What this task involves. Beginning with the line containing "Turquoise Color Rhinestone", write out each line exactly through the end of the listing, and skip all pictures.

Data shown.

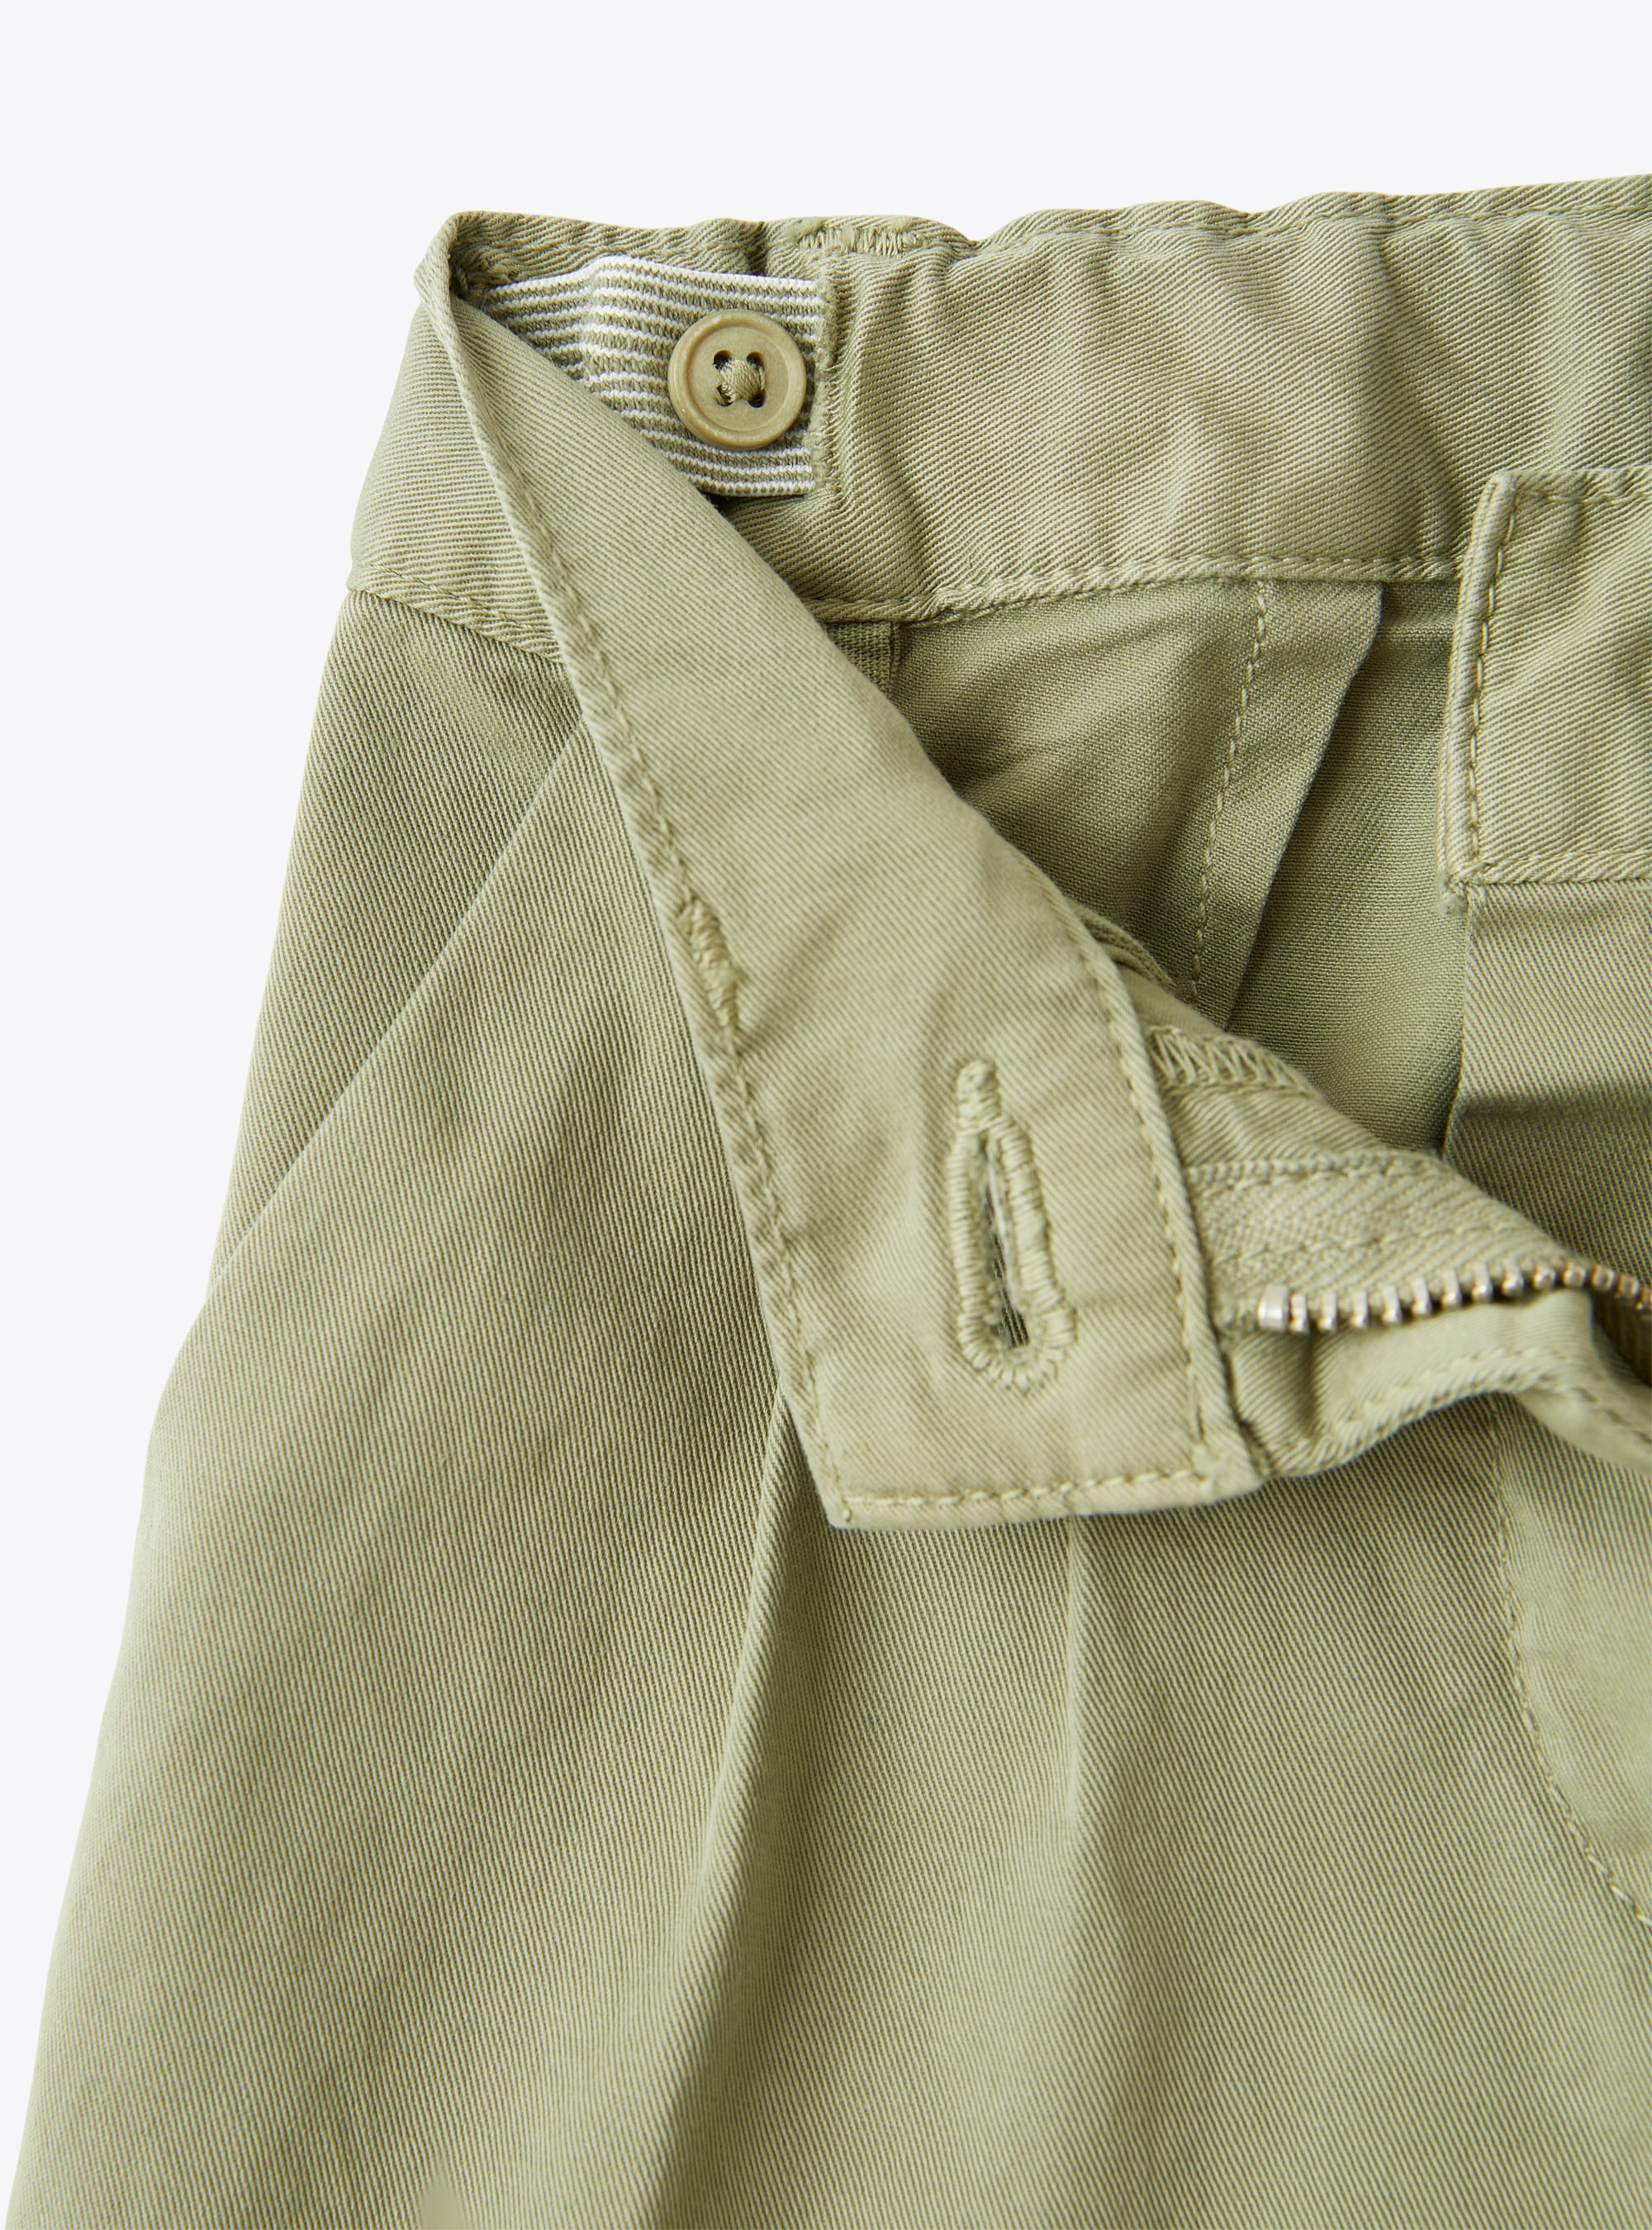 Shorts in sage-green stretch gabardine - Green | Il Gufo
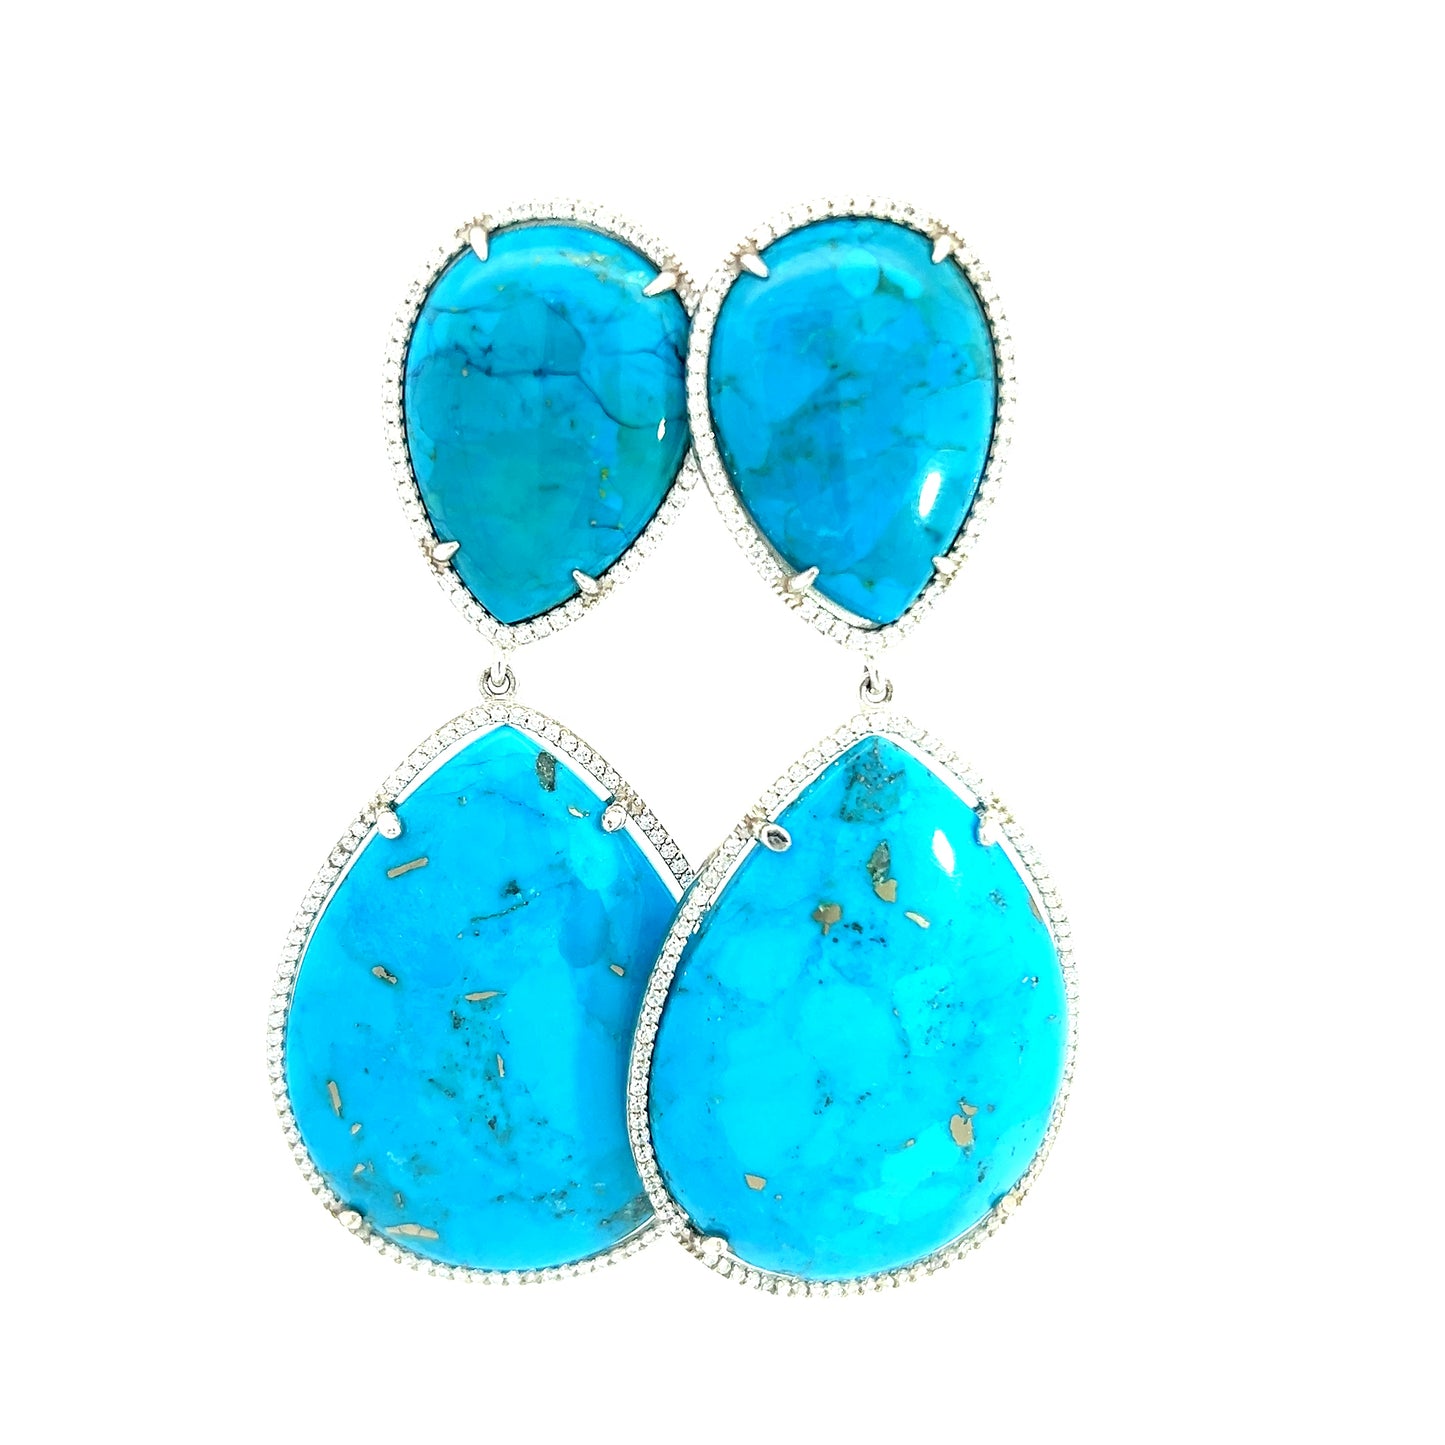 Turquoise Color Rhinestone Statement Earrings | eBay
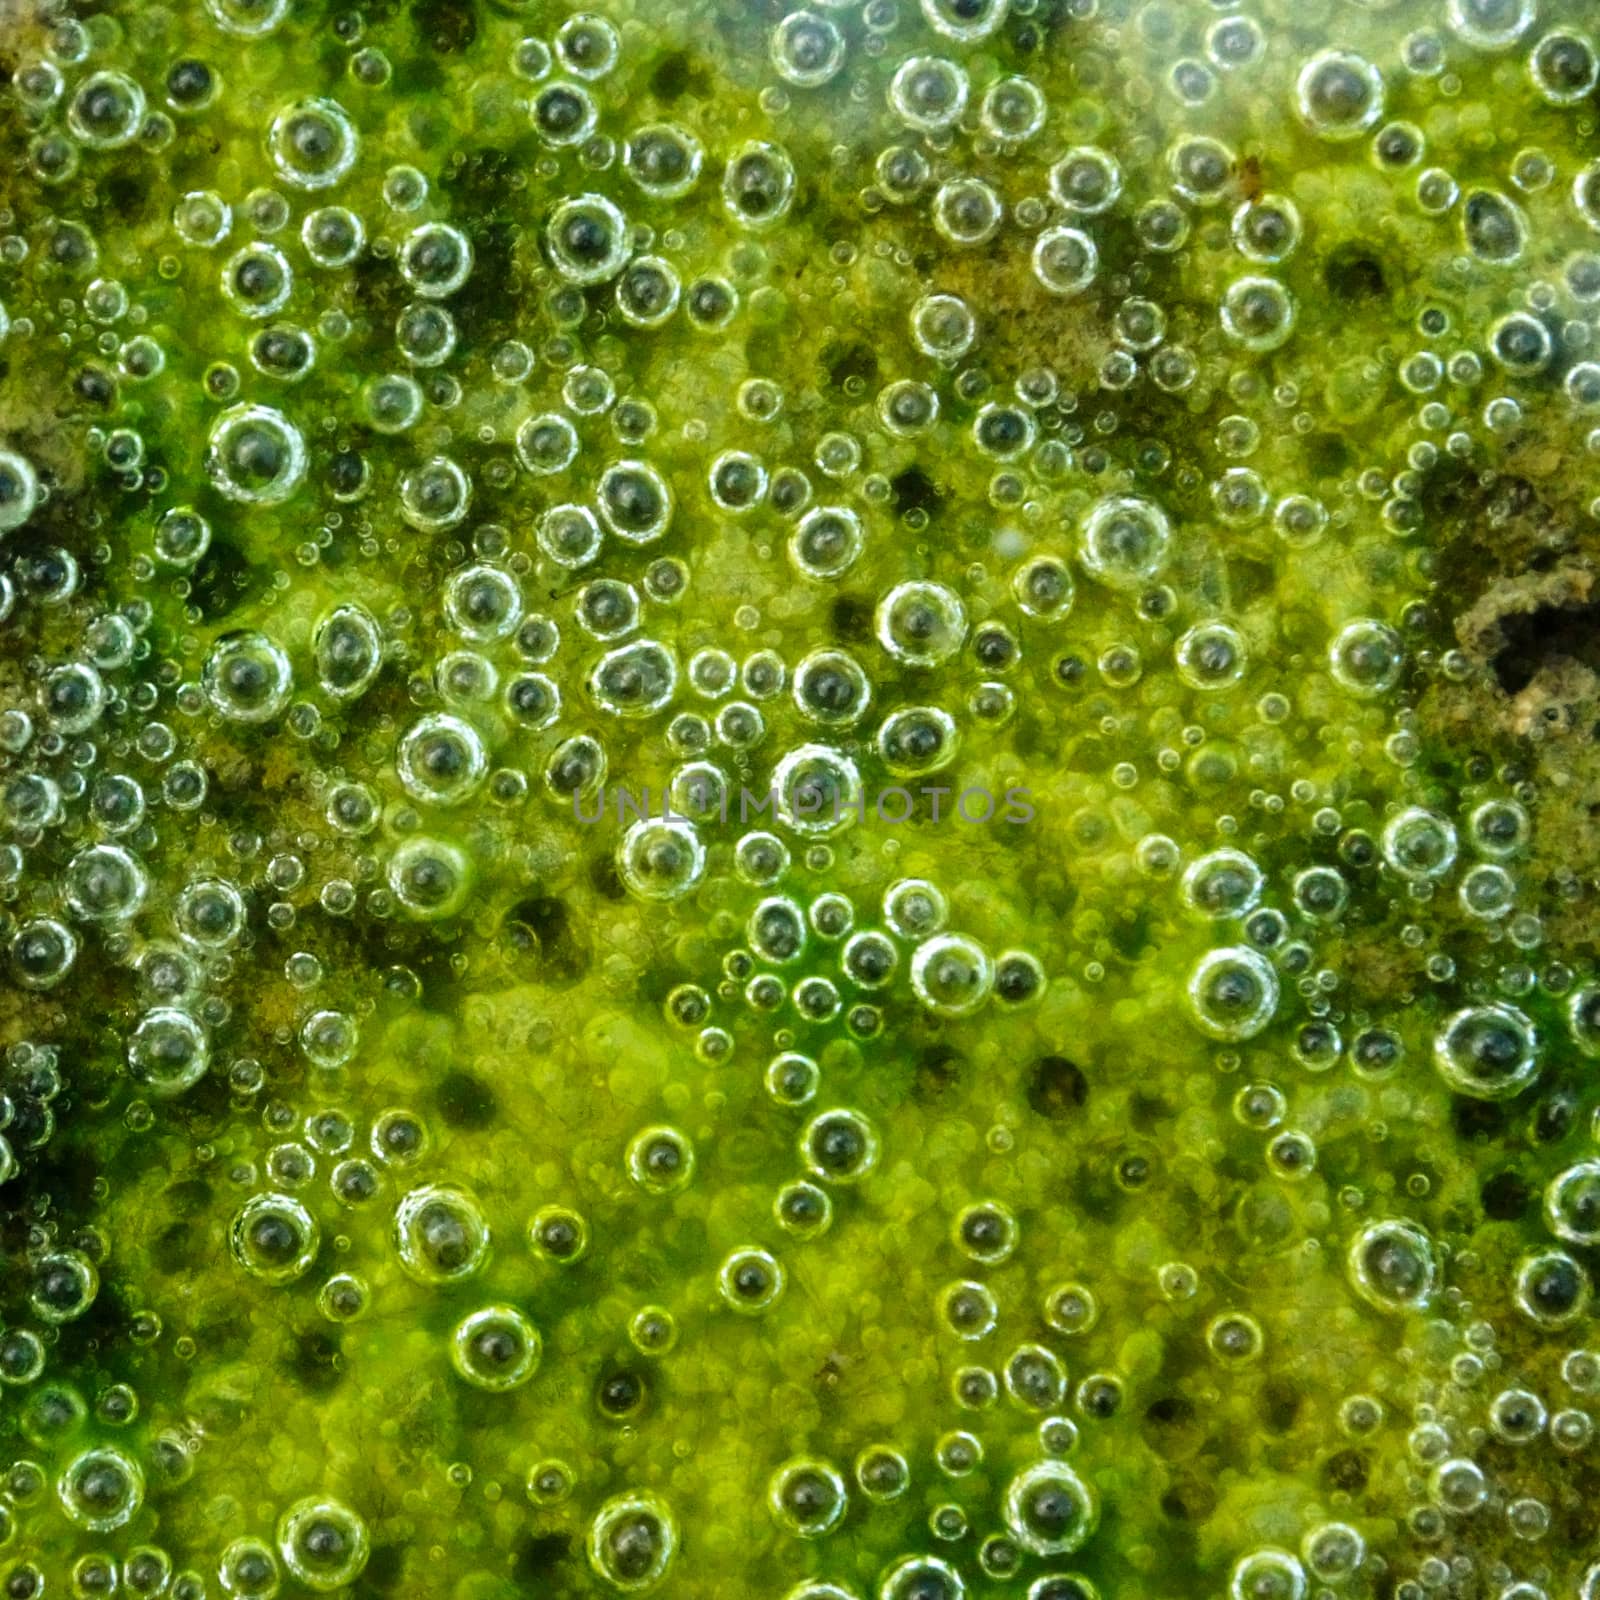 Green slime from algae. by Noppharat_th

Task result.
 Turquoise Color Rhinestone Statement Earrings | eBay
 Green slime from algae. by Noppharat_th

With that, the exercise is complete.